Thank you for inviting us.
Thank you so much.
First, I'd like to note that ASCO takes great care in the
development of its guideline products and ensuring that the ASCO
conflict of interest policy is followed. The full conflict of
interest information for this provisional clinical opinion panel is
available online with the publication in the Journal of Clinical
Oncology. Dr. Hwang, do you have any relevant disclosures that are
related to this topic?
Well, I have received some research funding from Gilead, a maker of
a hepatitis drug in the past.
And, Dr. Artz, do you have any relevant disclosures?
I have no relevant disclosures.
OK, then so, Dr. Artz, so this provisional clinical opinion, or
PCO, on hepatitis B screening and management for patients with
cancer prior to therapy was first published in 2010 and then last
updated in 2015. What prompted this update to the PCO?

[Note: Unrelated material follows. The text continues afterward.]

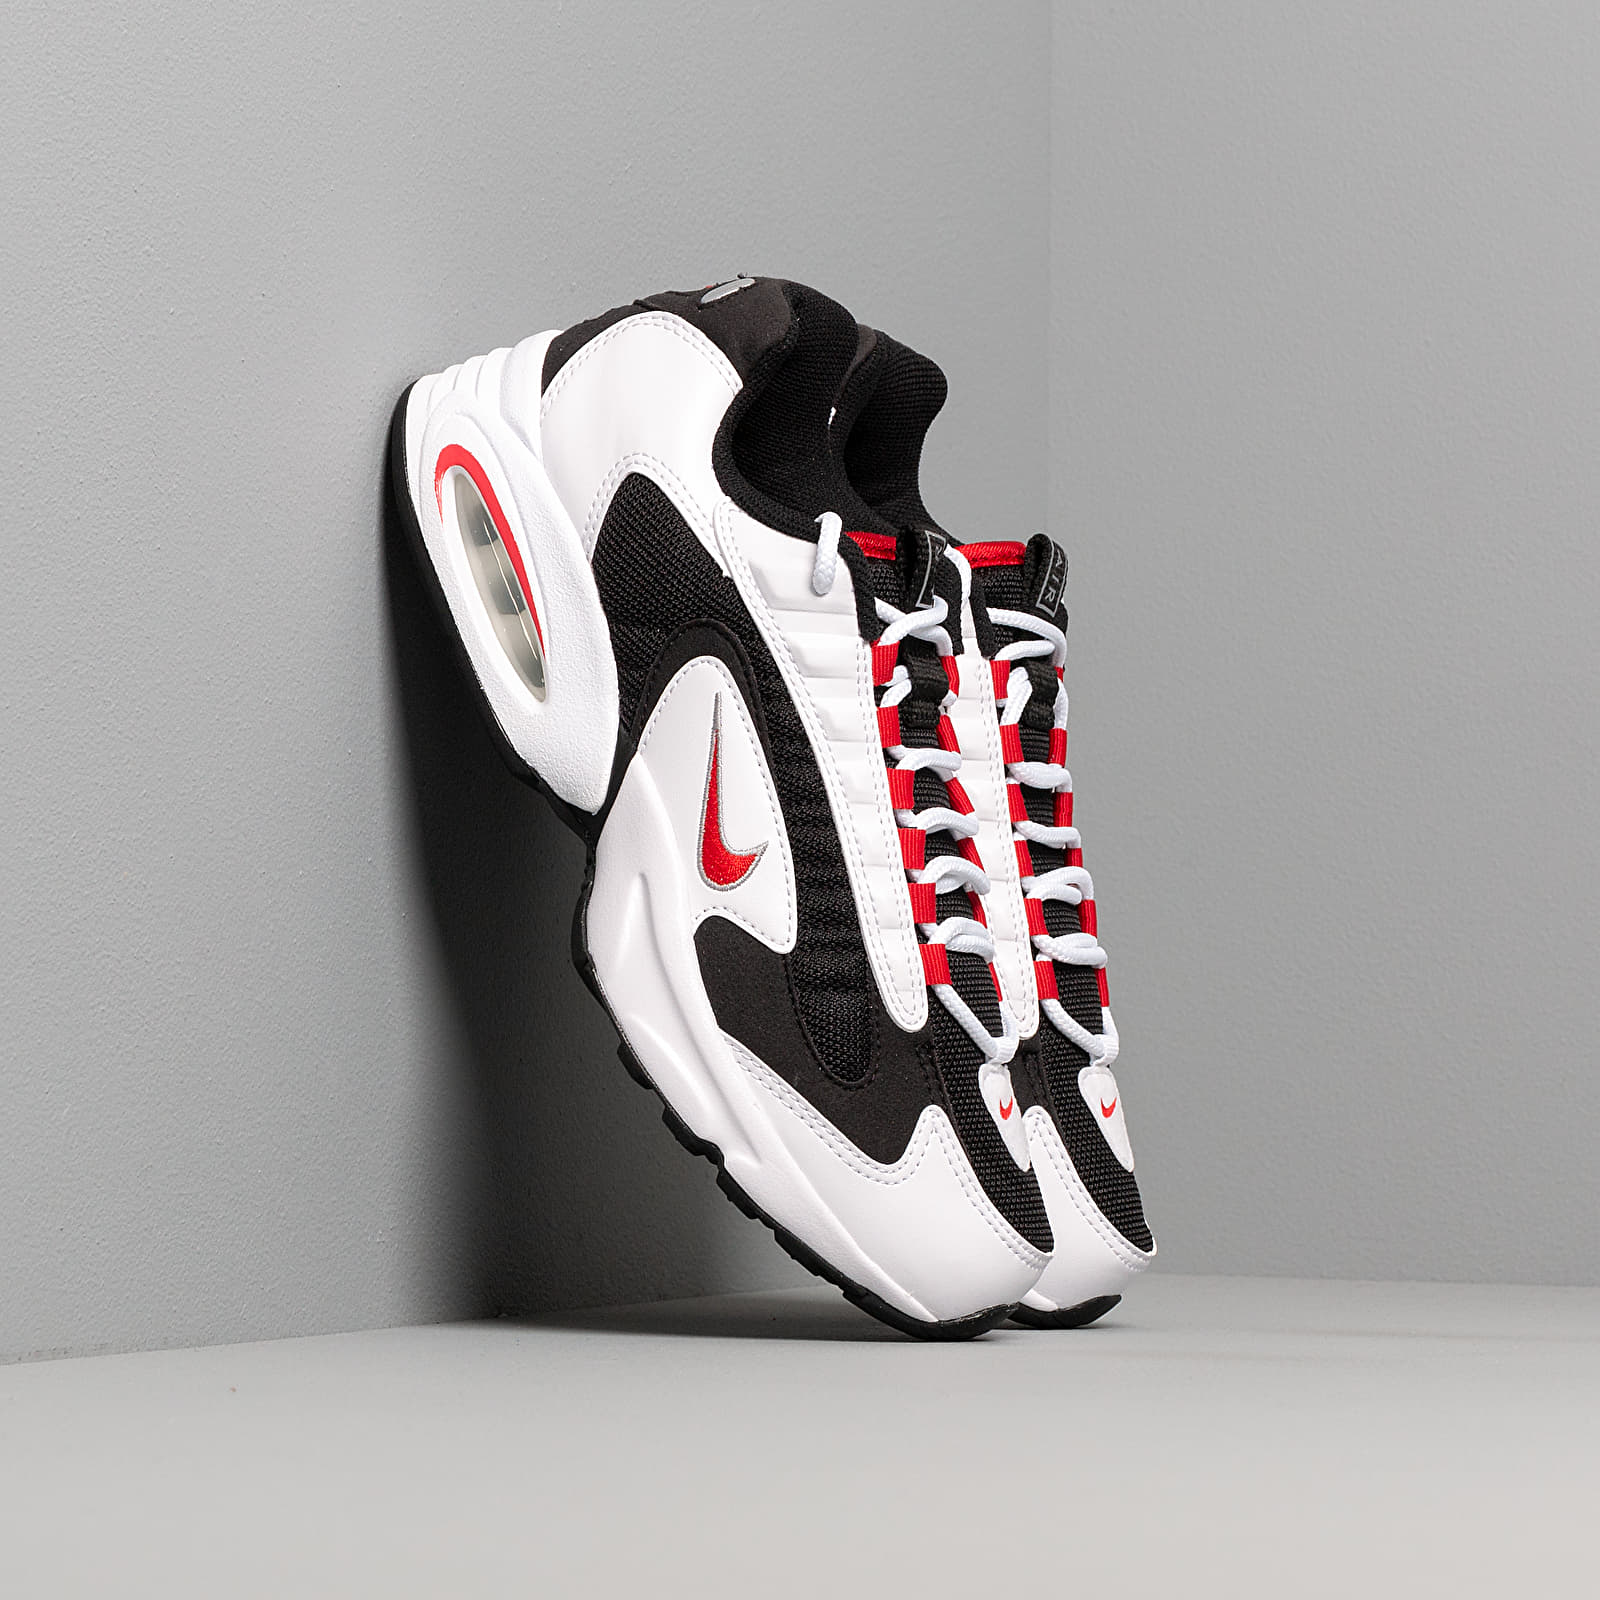 Chaussures et baskets homme Nike Air Max Triax White/ University Red-Black-Silver

This PCO guidance, more broadly, is necessary because the hepatitis
B status for most patients is actually unknown at the time they're
starting cancer therapy. In 2015, the PCO though suggested that we
limit hepatitis B screening to patients who were at most risk for
hepatitis B reactivation, if they were hepatitis B carriers, so
those receiving anti-CD20 antibodies, such as rituximab or stem
cell transplant. But for the remaining patients, most patients
receiving cancer therapy, the guidance was to survey patients about
their close contacts or exposures to hepatitis B and determine if
formal hepatitis testing should ensue.
This 2020 PCO represents an evolution in our understanding of
hepatitis B screening and the dangers of hepatitis B after
anticancer therapy. We've learned from studies, including those
done by my colleague, Dr. Hwang, that questionnaires to detect
hepatitis B are not very effective or practical. We also have
accumulating information that many of our anticancer therapies pose
a significant danger for hepatitis B related complications in
hepatitis B infected patients. We believe appropriate monitoring
and treatment, as outlined in the PCO, will reduce these
dangers.
So given that new information, I'd like to discuss the updated
statements for the PCO. So first, Dr. Hwang, for patients who will
receive systemic anticancer therapy, who should be tested for HBV
and how should they be tested?
That's a great question, Brittany. Thanks. I think that the data is
really clear now that all patients with cancer anticipating
systemic anticancer therapy should be tested for hepatitis B virus.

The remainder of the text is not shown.